RECORDED INFORMATION START

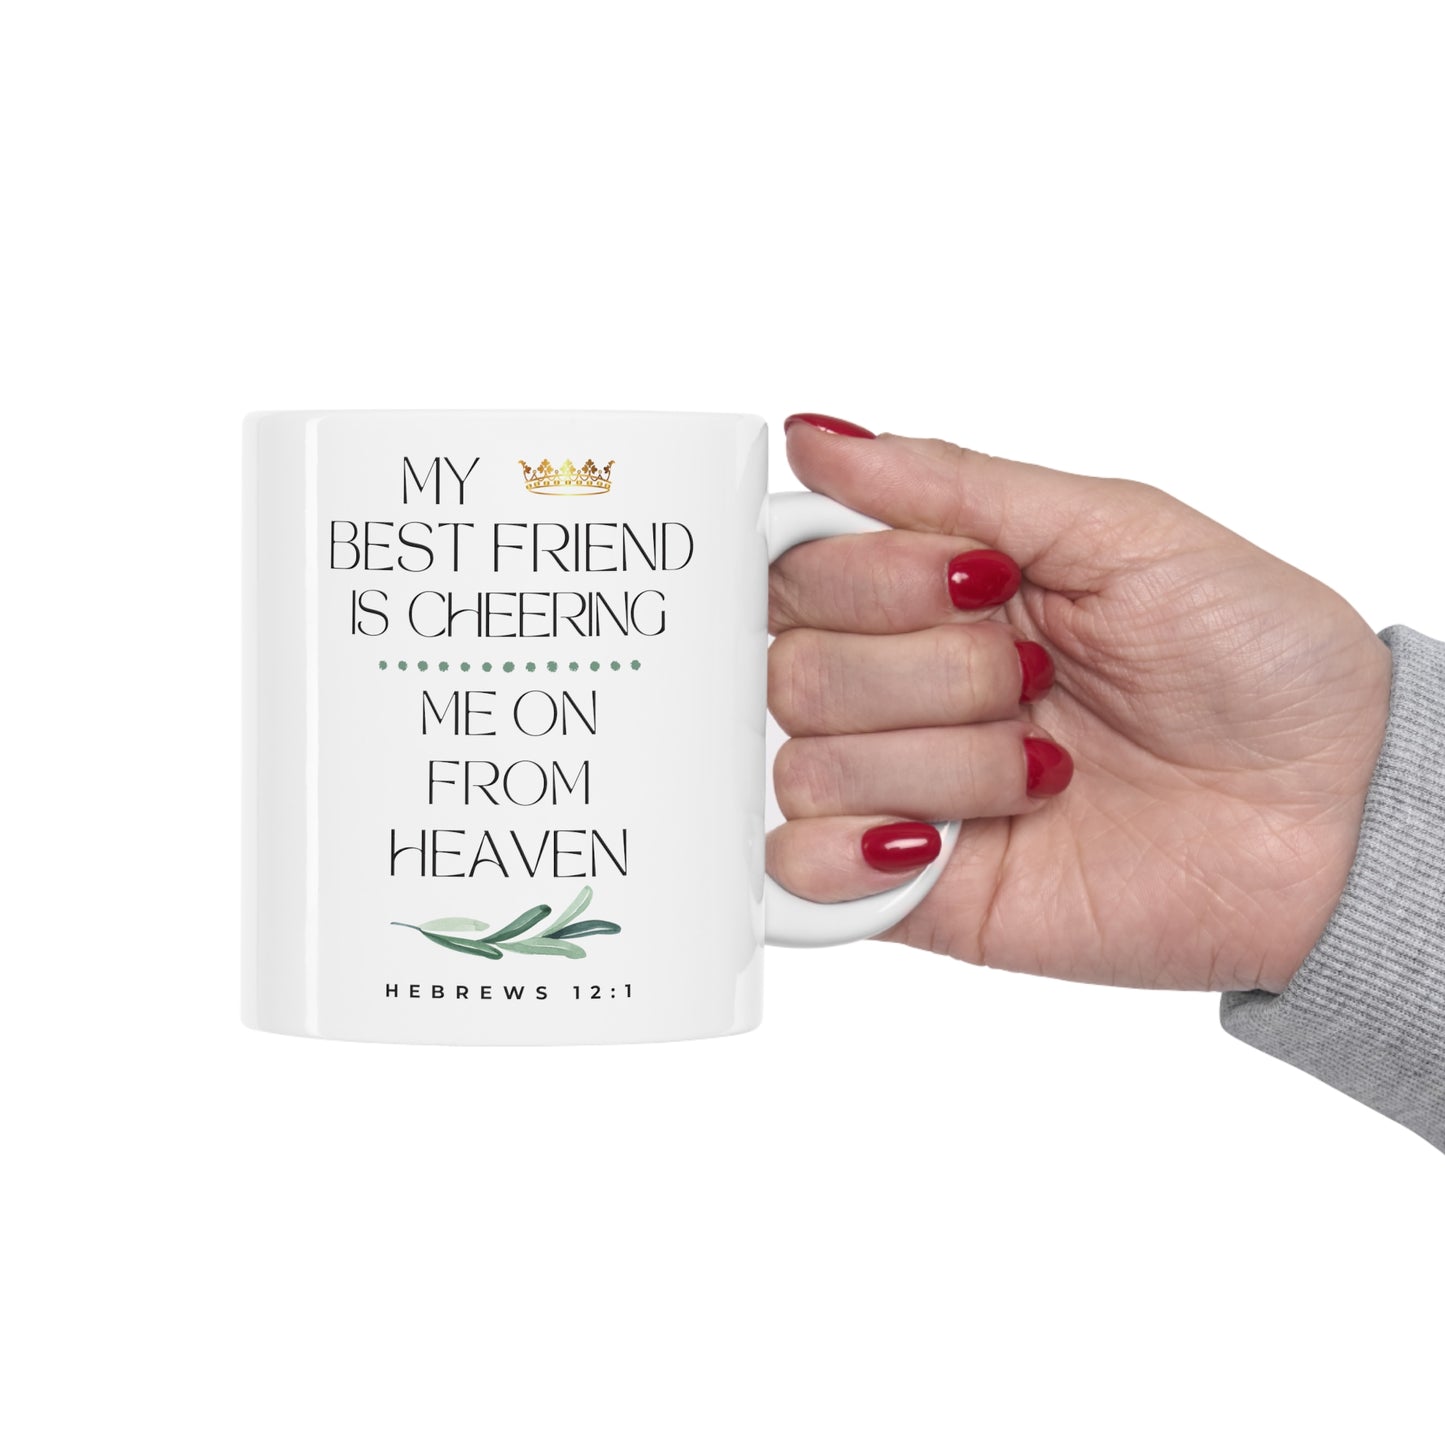 Best Friend Memorial Gift Mug, Cheering Me On From Heaven
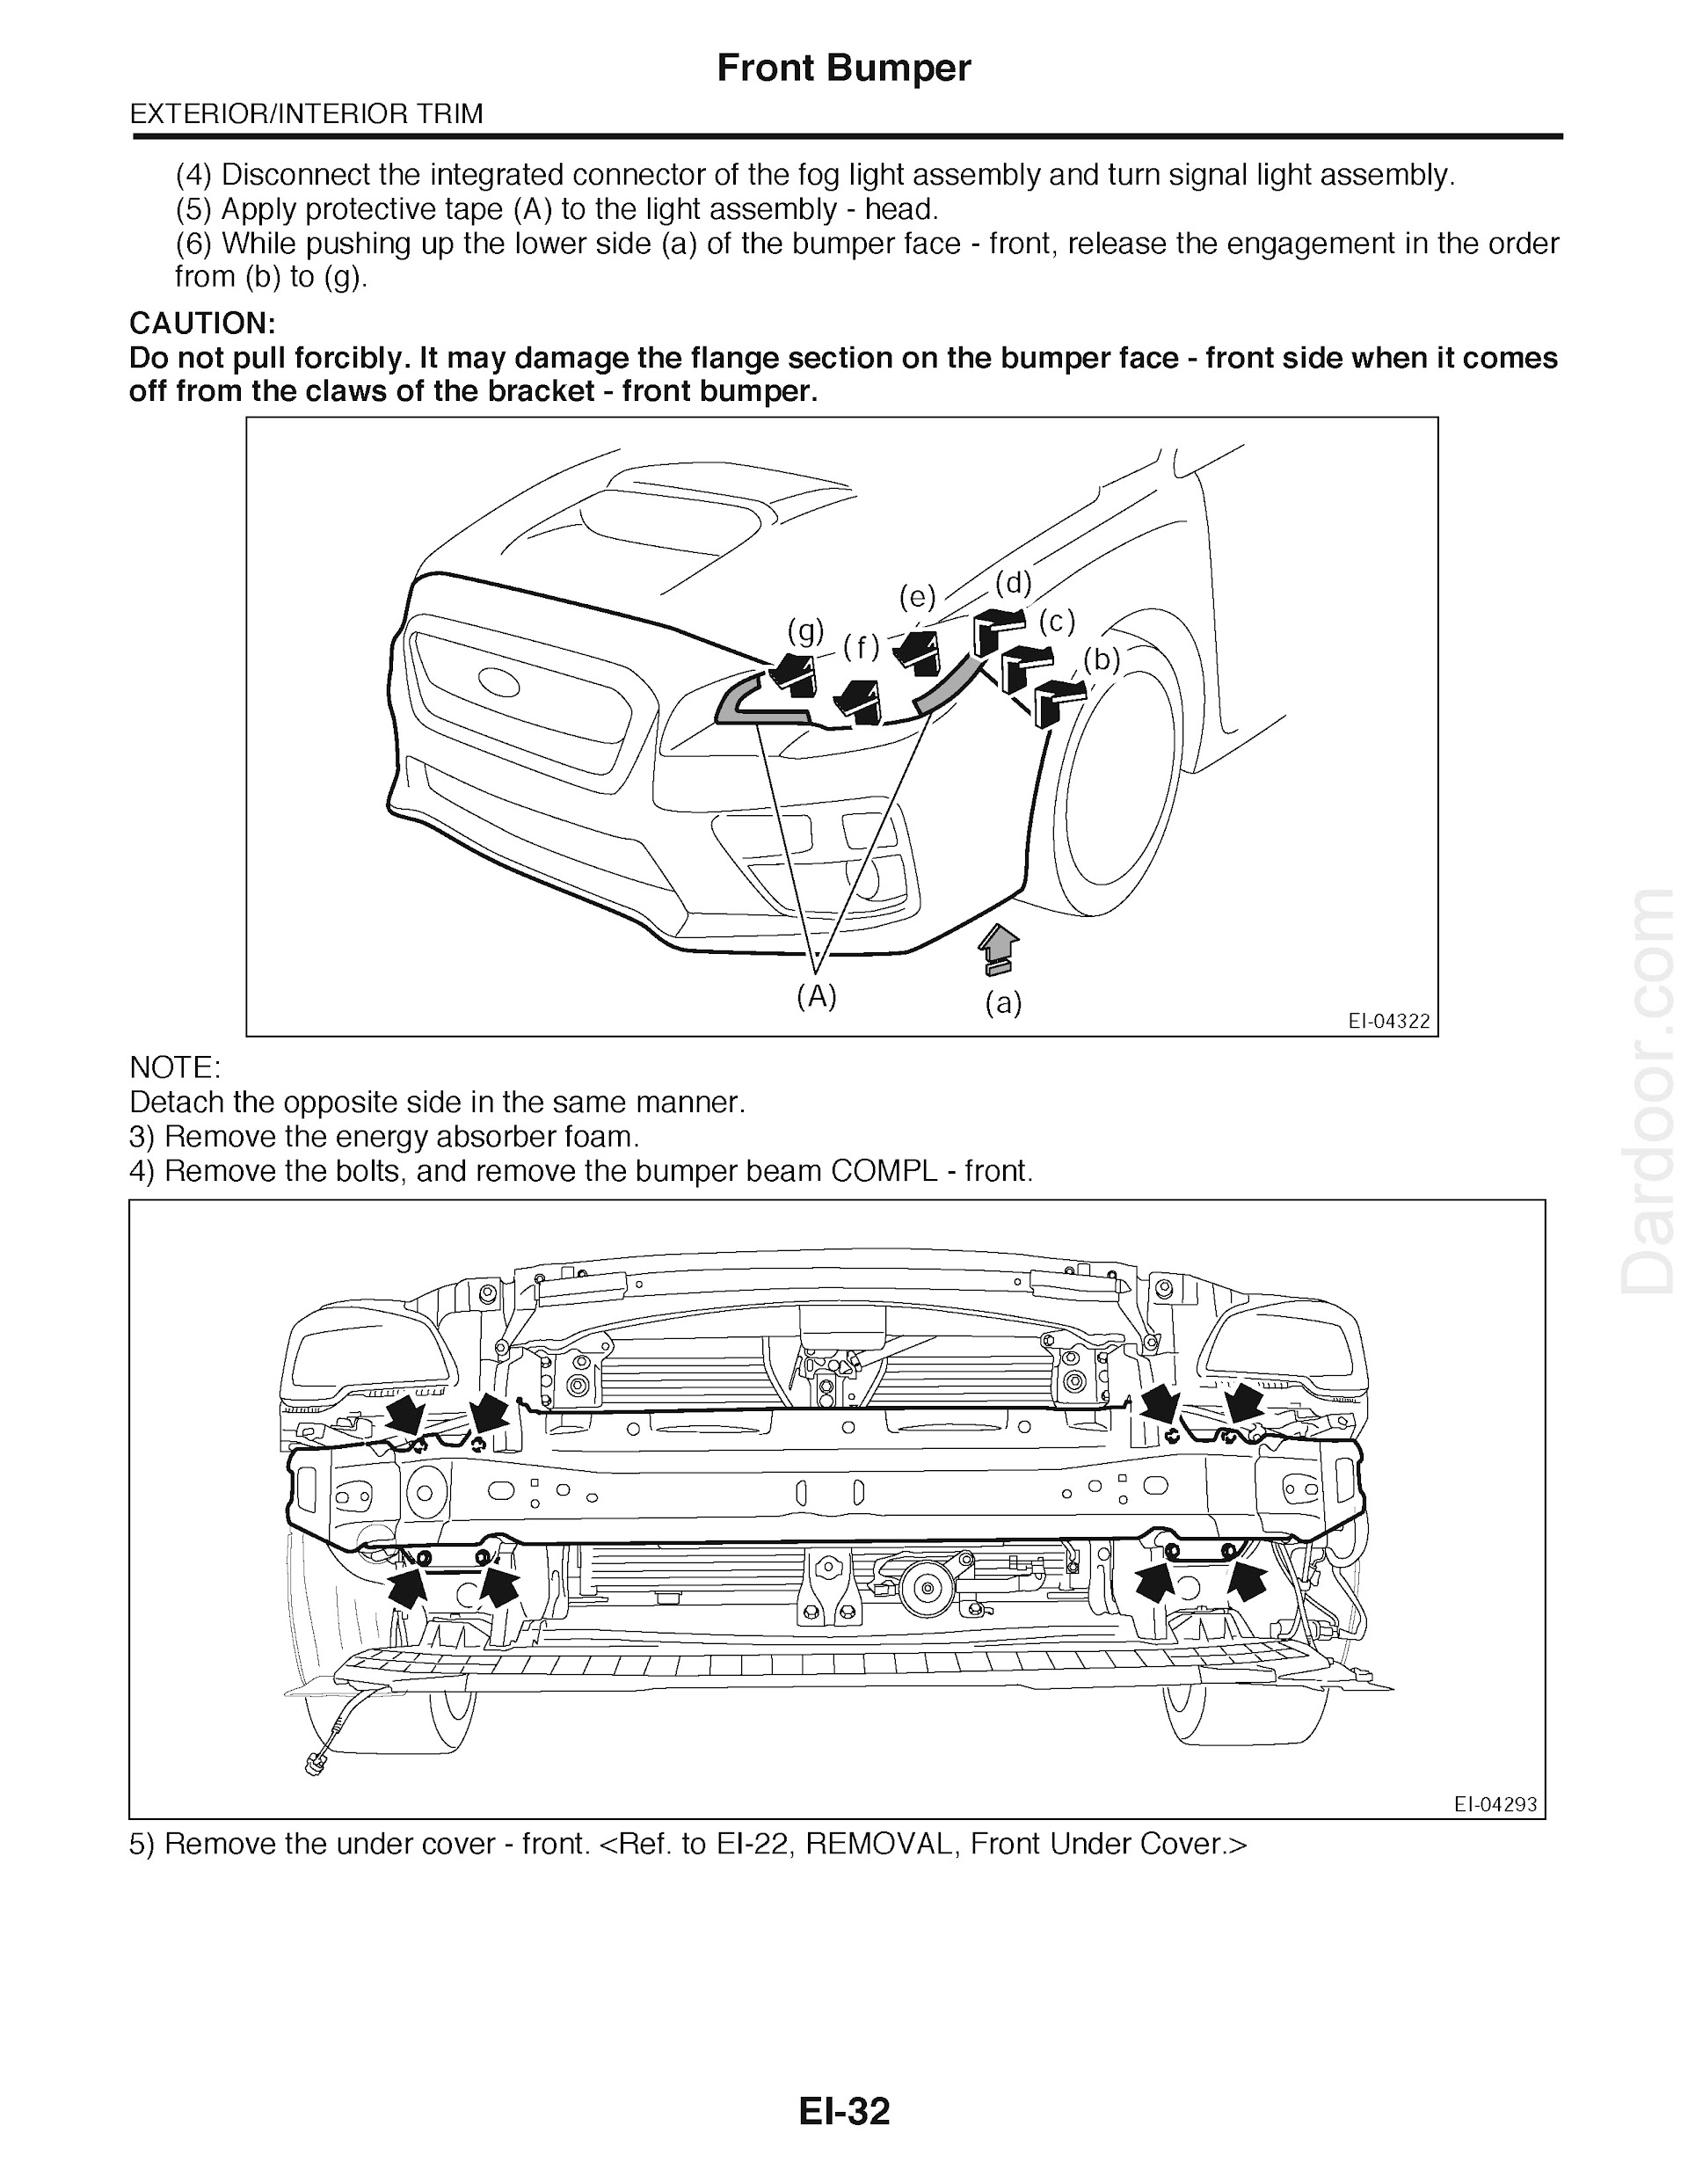 2017 Subaru WRX and WRX STI Repair Manual, Front Bumper Removal and Installation
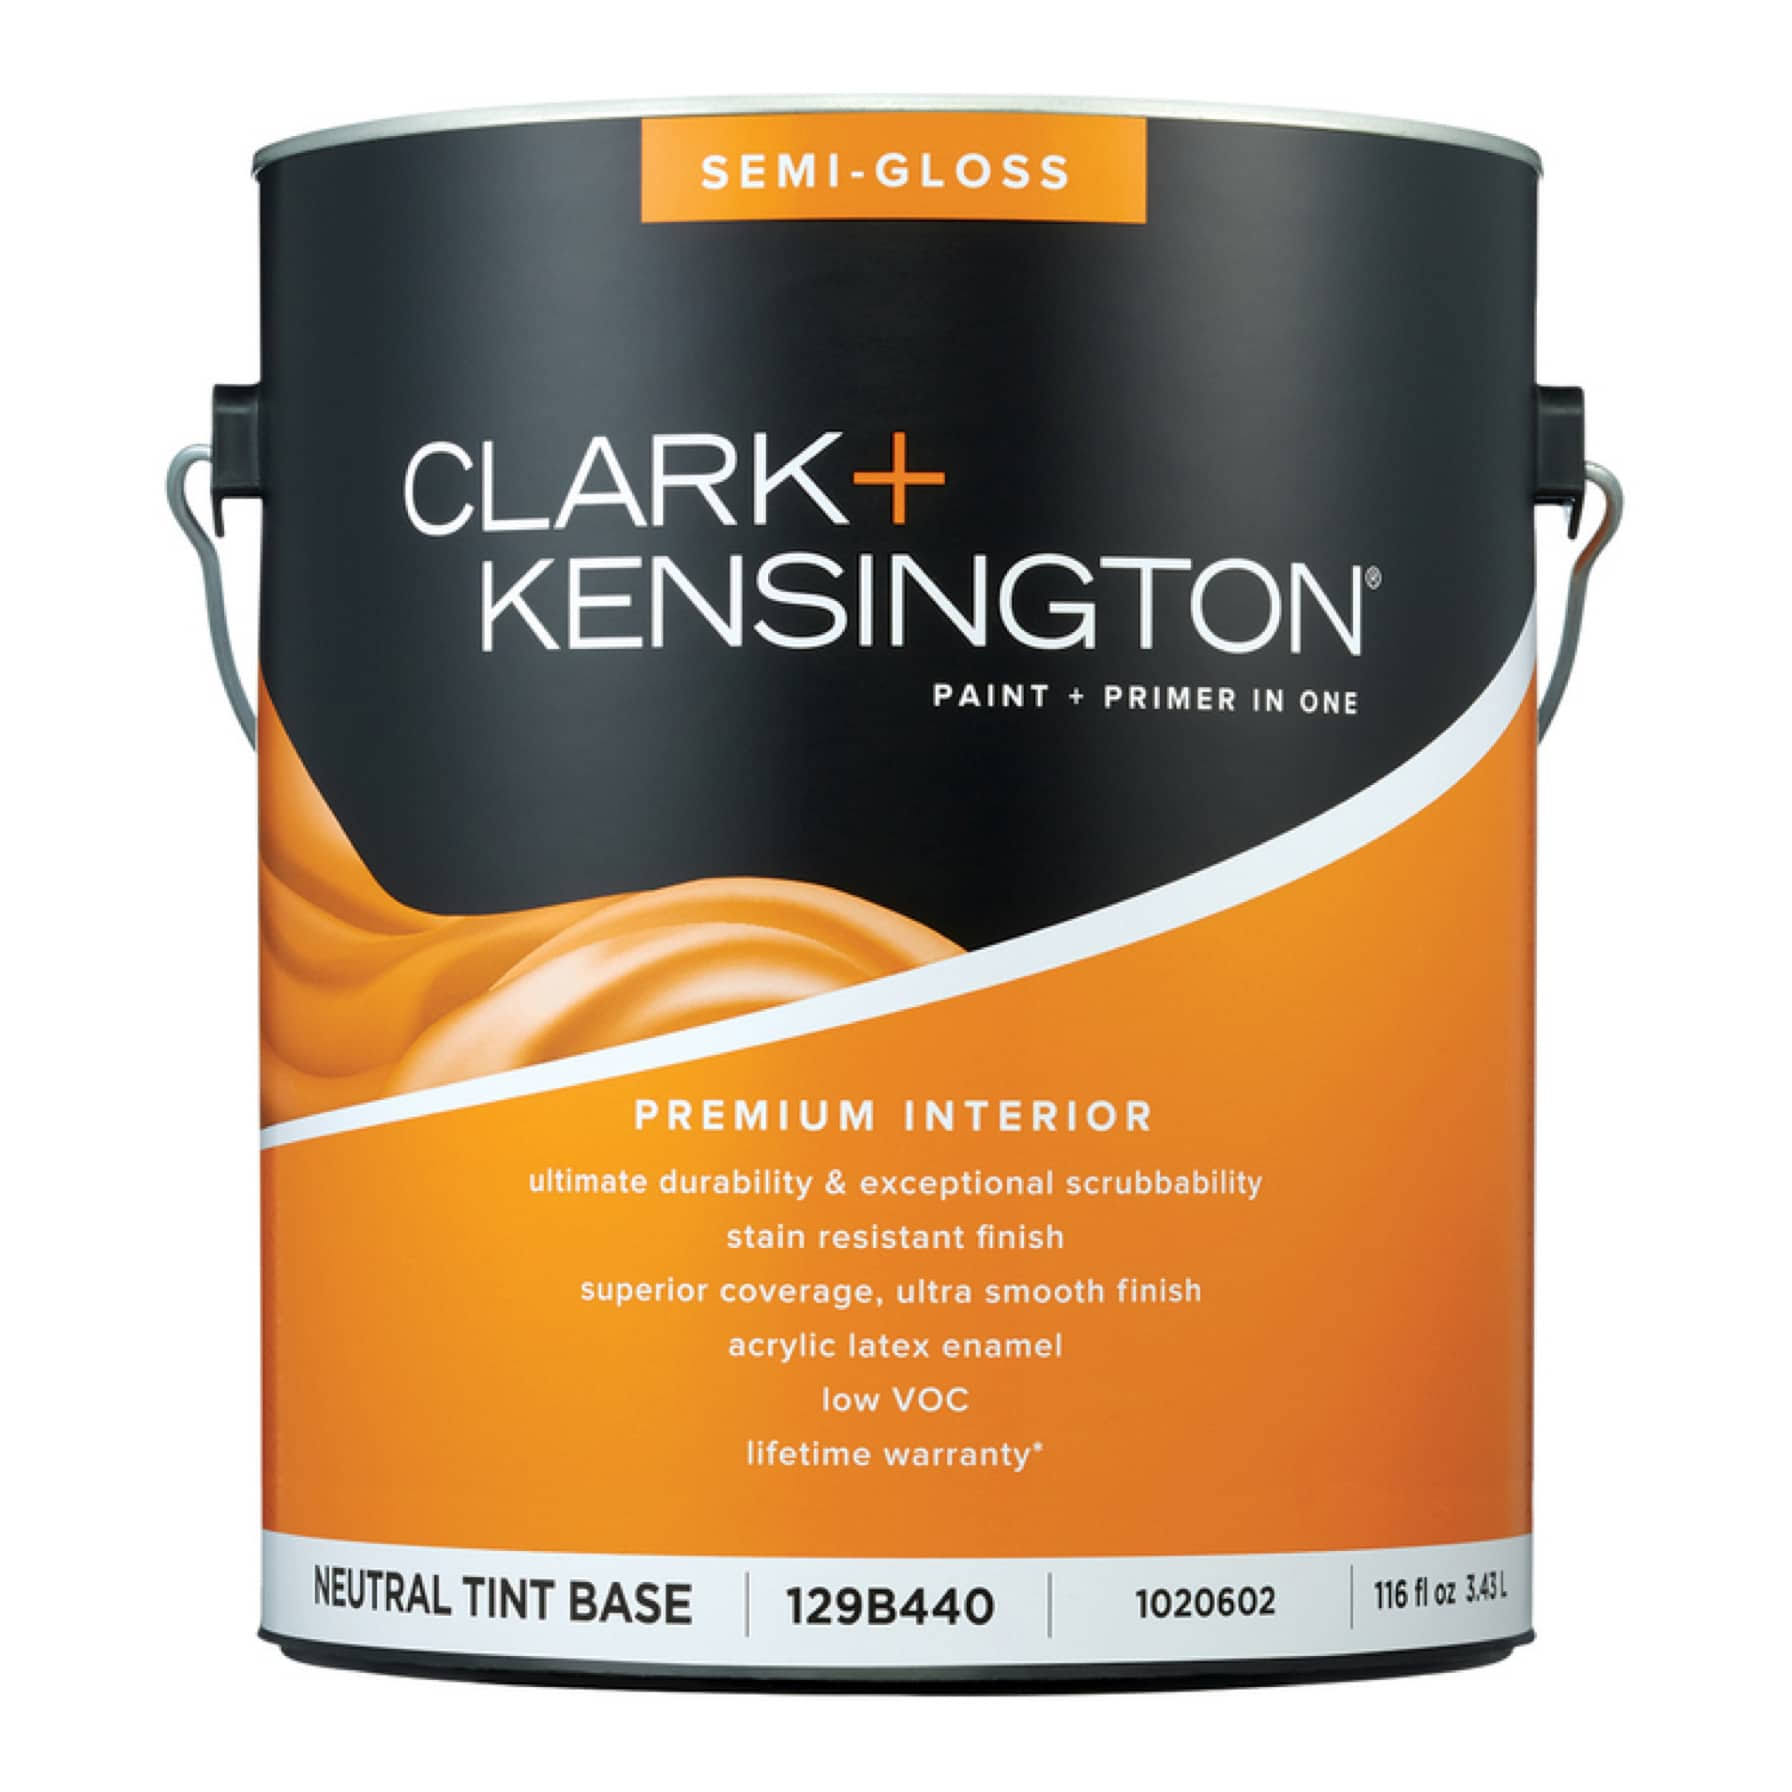 Clark+Kensington Semi-Gloss Tint Base Neutral Base Acrylic Latex Premium Paint Interior 1 Gal

RECORDED INFORMATION END

ACTIVITY:
Output all of the data exactly. Skip the pictures.

TASK ANSWER:
 Best Friend Memorial Gift Mug, Cheering Me On From Heaven
 2017 Subaru WRX and WRX STI Repair Manual, Front Bumper Removal and Installation
 Clark+Kensington Semi-Gloss Tint Base Neutral Base Acrylic Latex Premium Paint Interior 1 Gal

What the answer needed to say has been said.